For long-horizon agent loops with 50+ tool calls, Opus 4.7 still shows less drift in practice. For high-volume code review, repository indexing, or CI-attached automation where cost dominates, V4 changes the math meaningfully.
When to pick which
| Workload | Better fit | Why |
|---|---|---|
| Hardest reasoning, math, science Q&A | Claude Opus 4.7 | Leads GPQA Diamond and HLE by 4–9 points |
| Multi-file refactoring, complex SWE tasks | Claude Opus 4.7 | SWE-Bench Pro lead, stronger constraint adherence |
| Image-heavy or multimodal pipelines | Claude Opus 4.7 | Native image input on the flagship model |
| High-volume inference at scale | DeepSeek V4-Pro or Flash | 1/6 to 1/100 the cost per blended token |
| Self-hosting for privacy or compliance | DeepSeek V4-Pro | MIT-licensed open weights, on-prem deployment |
| Long-output generation (200K+ tokens) | DeepSeek V4-Pro | 384K output cap vs. Opus 128K |
| Agentic web browsing | DeepSeek V4-Pro | Beats Opus 4.7 on BrowseComp (83.4% vs. 79.3%) |
| Domain fine-tuning | DeepSeek V4-Pro | Open weights allow custom training; Opus does not |
Most published V4 benchmark scores come from DeepSeek's own technical report. Independent third-party evaluations of V4 are still accumulating, and on tests less prone to gaming, such as ARC-AGI, V4 sits notably below the latest closed frontier models. Treat single-digit benchmark gaps as directional rather than decisive.
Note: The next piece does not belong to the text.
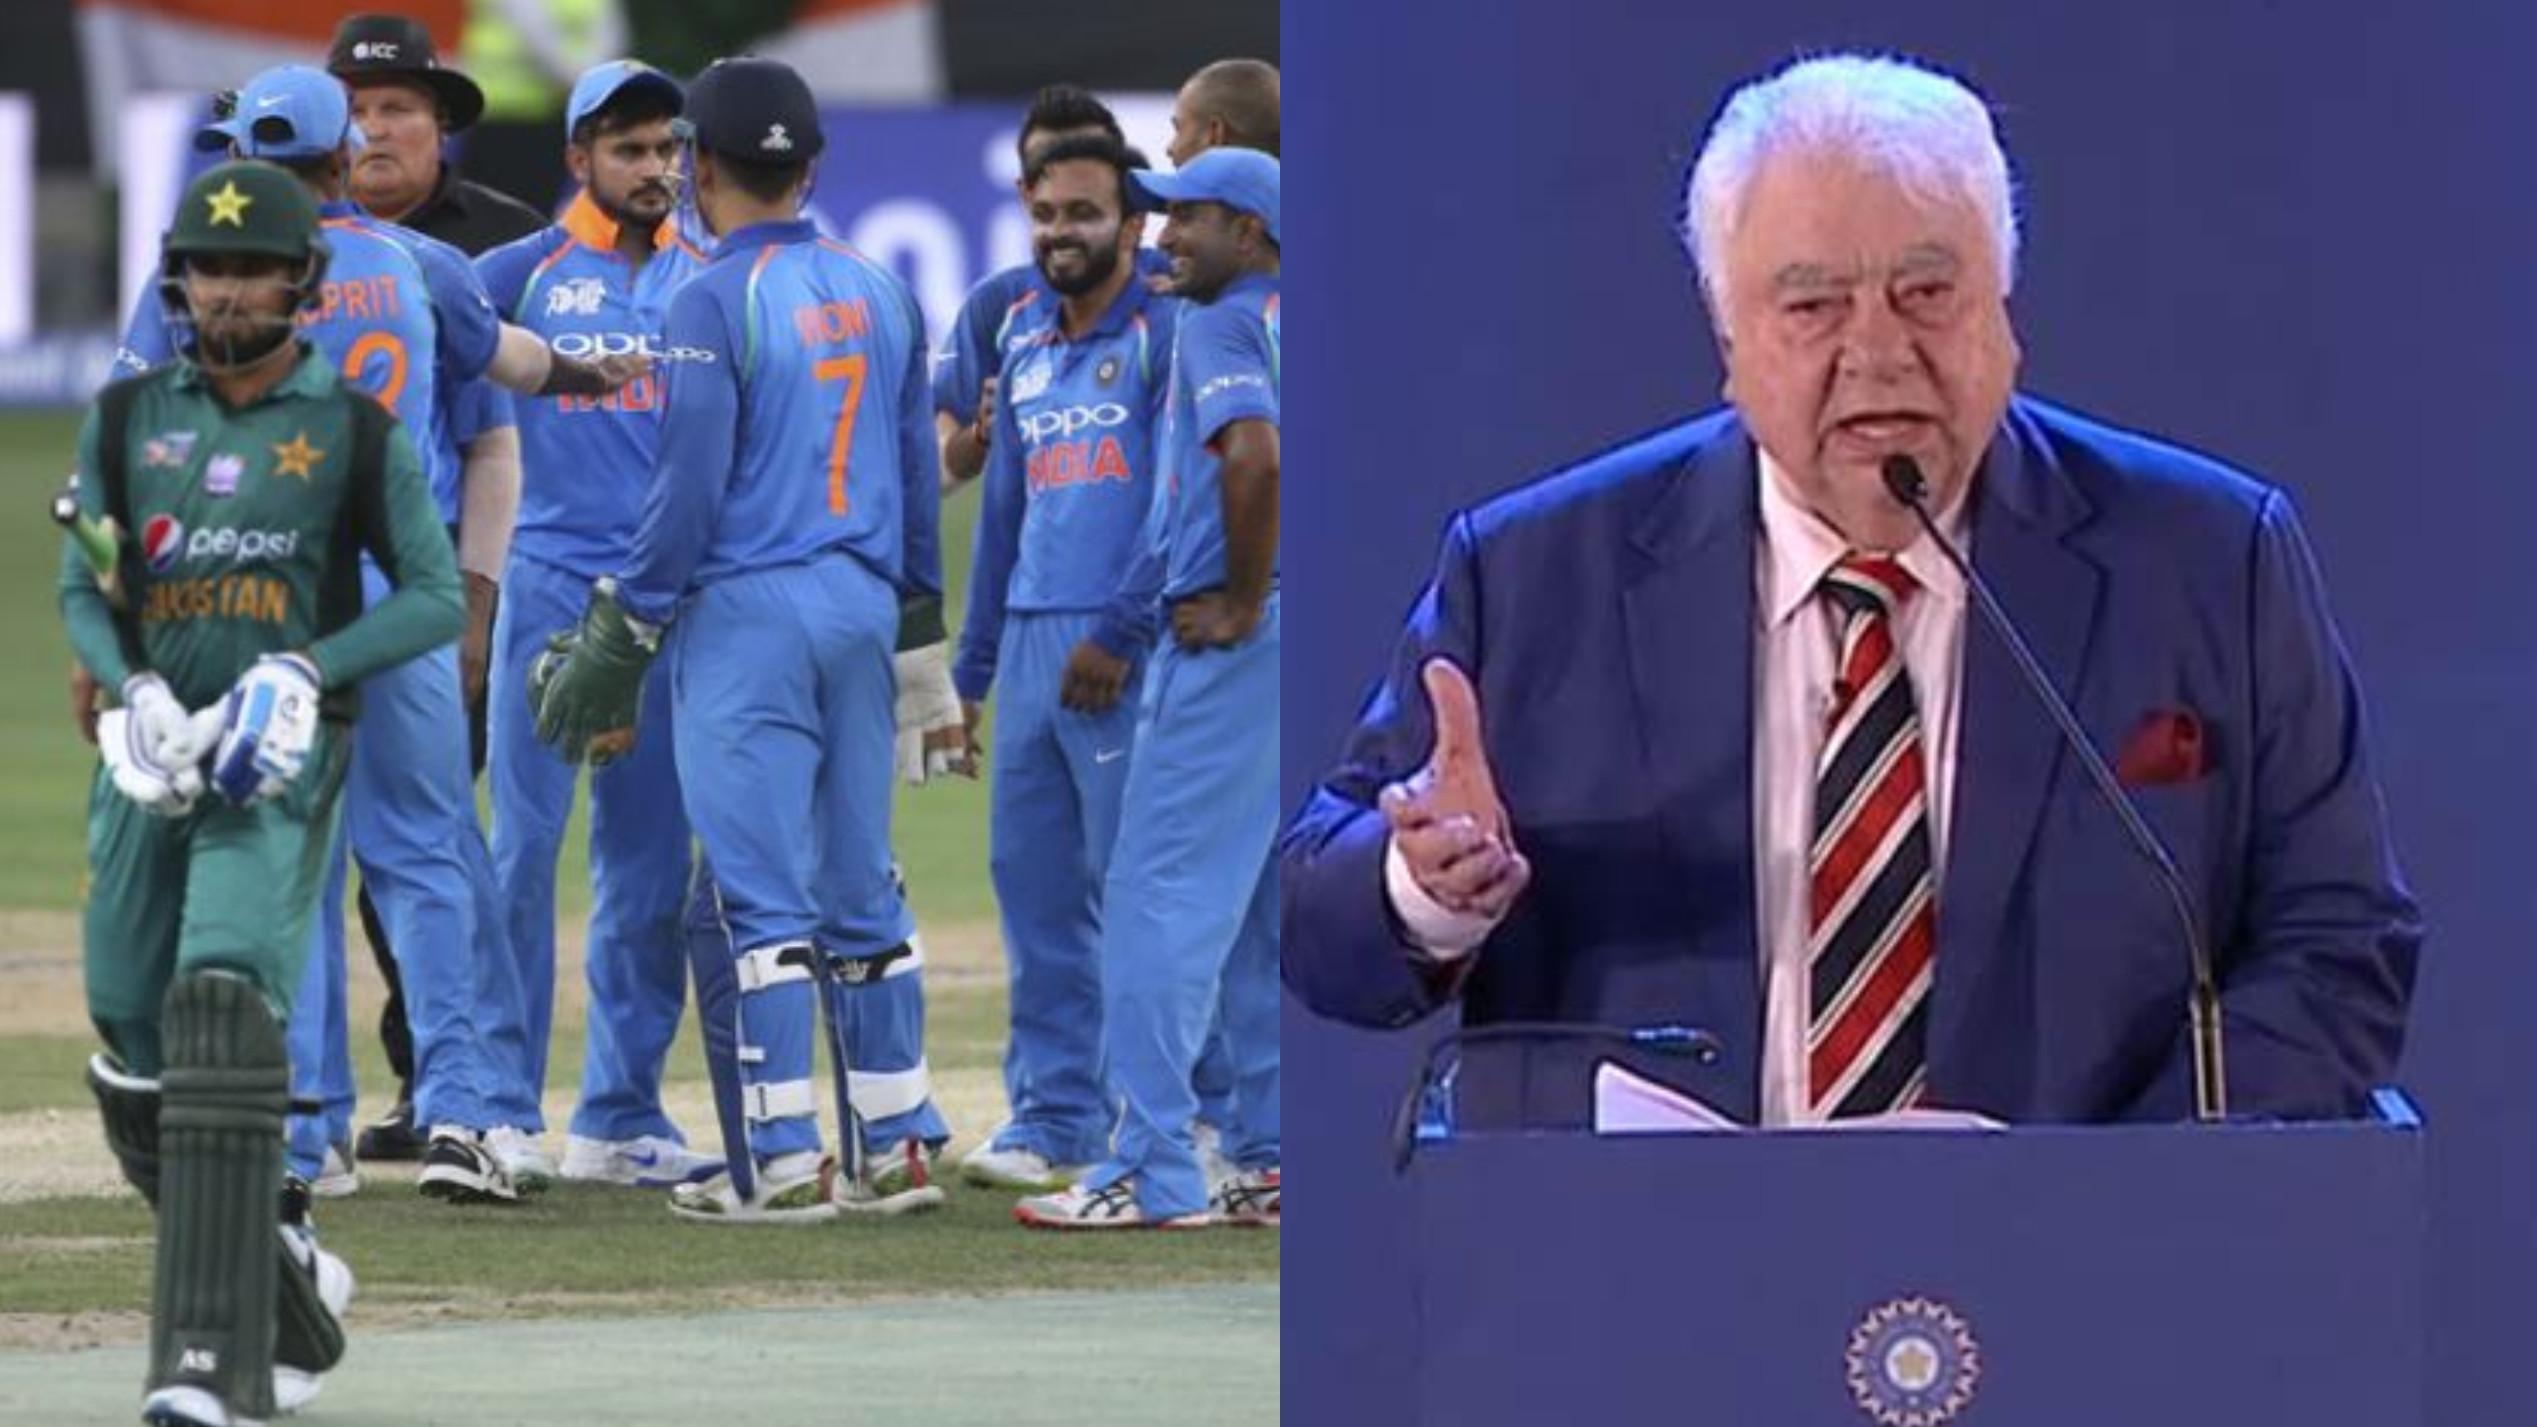 CWC 2019: फारुख इंजीनियर चाहते हैं कि भारत विश्व कप में हमारे जवानो के लिए पाकिस्तान को दे मात

Pricing and availability change. Both vendors publish current rates on their official documentation, and V4 is currently in preview status with model IDs deepseek-v4-pro and deepseek-v4-flash. Legacy deepseek-chat and deepseek-reasoner endpoints are scheduled for retirement on July 24, 2026.
For most teams the practical answer isn't picking one. Opus 4.7 remains the model to reach for when correctness on a hard task is worth $25 per million output tokens. V4 makes a wider class of automation economically viable, and the open weights give it a deployment surface Anthropic can't match. The competitive pressure that creates is the real story of this release cycle.